There was no checking BongV. It was assumed then that laissez-faire economics is the best mechanism for capitalist system. It was assumed that men are capable of moral bounderies for greed and that the system could self-rectify for future failures. Greenspan allowed players all the elbow room it needs to operate.
tranquil:
Adam smith was quite clear that laissez faire is built on the presumption that men have moral boundaries. Therefore, if one were lacking then those boundaries have to be built. Note that Smith opposed any form of economic concentration (such as exhibited in wall street) because it distorts the market’s natural ability to establish a price that provides a fair return on land, labor, and capital. The deeper implication is whatever Wall Street was doing it was anything but laissez faire.
More from wikipedia
Tranquil,
You seem to be saying Ayn Rand was wrong because the US had a financial collapse and therefore BenignO should be someone else, the “better person” you would want him to be.
Who is self-involved in that expression?
For myself, egoism is not selfish, it is the freedom to live to be the best one can be, without bending to the whims and wills of others. Government laws and regulations can be good or bad, depending on context. I’m not Ayn Rand, nor do I subscribe to her philosophy, but I certainly understand her point. I admire the woman’s intellect. She is consistent, for sure. Brilliant for sure.

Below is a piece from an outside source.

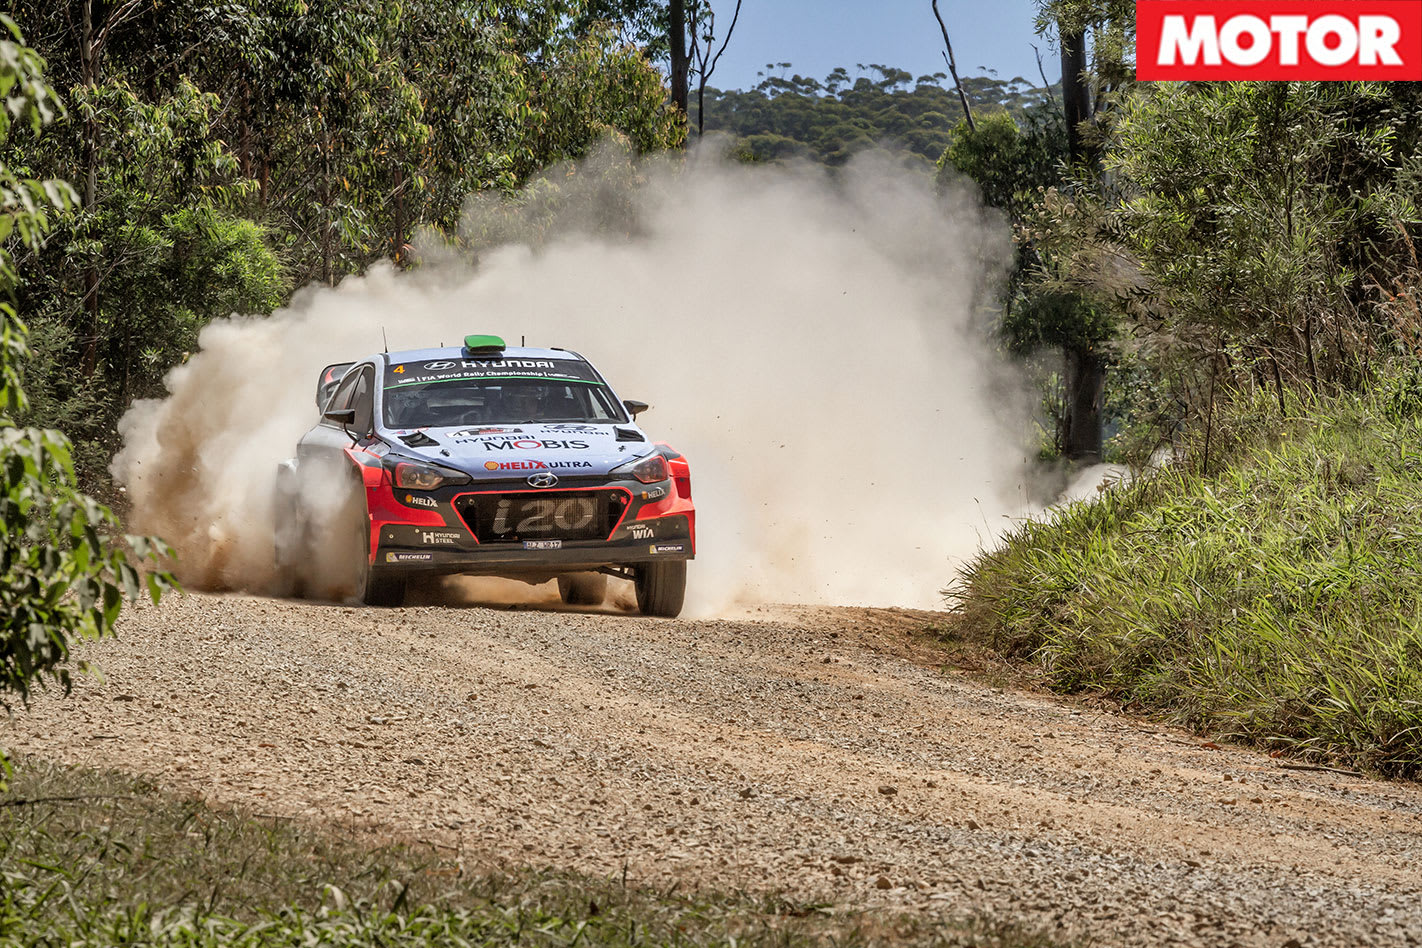 Hyundai i20 WRC Passenger Ride cornering

Furthermore, you seem to ascribe negativity to being emotional, a chauvinist’s view if ever there were one. Emotions are what make poets poets. We all have them; they can oft be called “passion”, that which distinguishes deep people from shallow.
As for Benign0′s inconsistency, one ego calling out another, you are certainly free to make that observation. For myself, I appreciate his perspectives, no matter what sense of self-importance they are wrapped in. You see, he makes me THINK. More than any other writer here . . .
Joe
Individualism is a whole world better than groupthink, guys. Think about it.
Meanwhile, the Jologs Queen is going nowhere real fast with her GMA hate campaign. She seems to be a lover of hate. :-P
You mean benignO’s blogsite has more hits than Tordesillas’ blogs?